Son interminables las evidencias de este culto al Dios dinero. En el documento programático de su ministerio como Obispo de Roma y Pastor de la Iglesia Universal, el Papa Francisco dice: “Una de las causas de esta situación se encuentra en la relación que hemos establecido con el dinero,ya que aceptamos pacíficamente su predominio sobre nosotros y nuestras sociedades. La crisis financiera que atravesamos nos hace olvidar que en su origen hay una profunda crisis antropológica: la negación de la primacía del ser humano!! Hemos creado nuevos ídolos.

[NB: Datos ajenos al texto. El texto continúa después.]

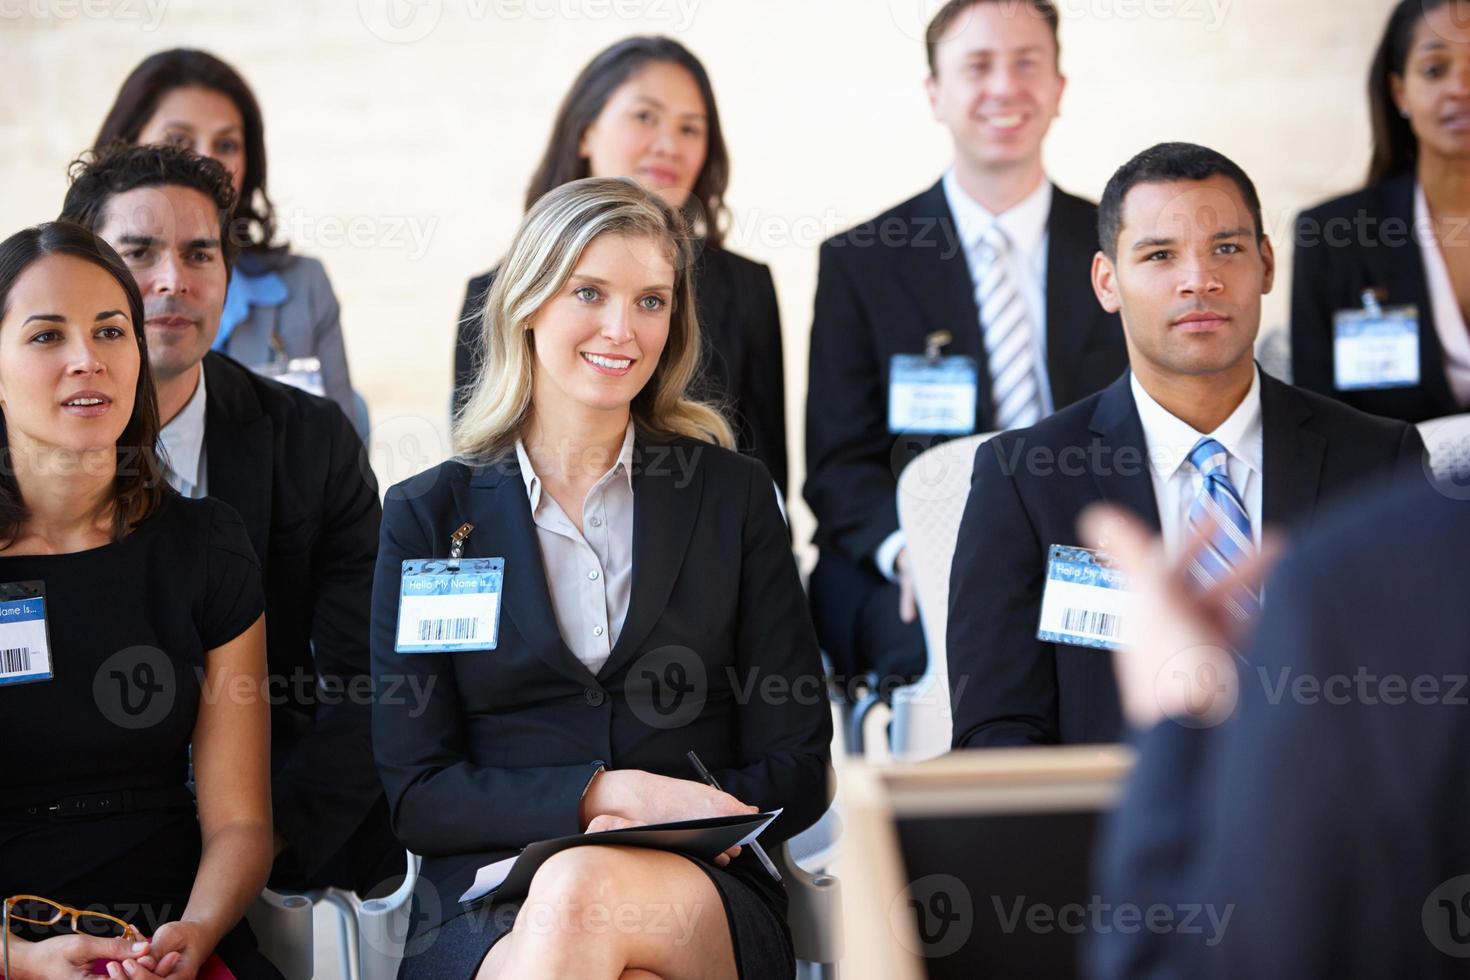 delegados ouvindo o orador na conferência foto

La adoración del antiguo becerro de oro (Exodo 32: 1-35) ha encontrado una versión nueva y despiadada en el fetichismo del dinero y en la dictadura de una economía sin un rostro y sin un objetivo verdaderamente humano. La crisis mundial que afecta a las finanzas y a la economía pone de manifiesto sus desequilibrios y, sobre todo, la grave carencia de su orientación antropológica que reduce al ser humano a una sola de sus necesidades: el consumo” (Exhortación Apostólica La Alegría del Evangelio, # 55).
El agobio desmedido por los bienes materiales nos hace perder el sentido de Dios, el sentido de lo humano, la conciencia de las necesidades del prójimo, el sentido de la justicia y de la solidaridad, esta es una de las grandes y dramáticas realidades de estos tiempos de la historia. Las severísimas palabras de Francisco así lo advierten.
Jesús no está diciendo que nos olvidemos del trabajo y del esfuerzo por lograr un sustento que nos permita satisfacer con dignidad nuestras necesidades básicas. El nos está convocando a eliminar las desigualdades hirientes, a no permitir que unos seres humanos sean oprimidos y explotados por otros, a construír un modo de vida austero, en el que la disposición para compartir y para distribuír equitativamente los bienes sea estructurante de los modelos sociales y económicos, y de nuestros proyectos de vida.
Cuáles son los valores que están en juego?: “Por lo tanto, pongan toda su atención en el reino de los cielos y en hacer lo que es justo ante Dios, y recibirán también todas estas cosas. No se preocupen por el día de mañana, porque mañana habrá tiempo para preocuparse. Cada día tiene bastante con sus propios problemas” (Mateo 6: 33-34).
Este texto contribuye a que entendamos el valor relativo de los bienes terrenos en comparación con el valor supremo de Dios y de su reinado, y también a que asumamos el valor absoluto del ser humano, especialmente del más requerido de cercanía y de reivindicación.
 Las dos realidades nos exigen entrar de lleno en el dinamismo de la trascendencia, del salir de nosotros mismos, teniendo como referencia al Señor Jesús, en su configuración fundamental con el Padre-Madre Dios y con el prójimo, datos constitutivos de su proyecto vital, del que nos invita a hacer parte.
Un especial testimonio de esta dedicación a Dios y al hermano lo tenemos en Pablo, quien en la lectura de hoy está atendiendo a unas críticas que le hacen algunos en Corinto, juicio que parece apresurado e inmaduro. El se esfuerza en aclarar el sentido de su misión con palabras  que son extensivas a la de todos los que se dedican al ministerio apostólico: “Ustedes deben considerarnos simplemente como ayudantes de Cristo, encargados de enseñar los designios secretos de Dios. Ahora bien , el que recibe un encargo debe demostrar que es digno de confianza” (1 Corintios 4: 1 – 2).
Vivir con coherencia este servicio exige un total rectitud, de abnegación, de no establecer clasificaciones a la hora de darse a los unos o a los otros, no  haciendo  acepción de personas ni preferencias, llevando  un modo de vida sobrio y austero,  y dejando que el Señor se transparente en nosotros, sin ambicionar títulos o premios, dando a entender en todo que nuestra confianza en El nos compromete a la projimidad, a la justicia, al servicio. No tenemos más prioridad que esta.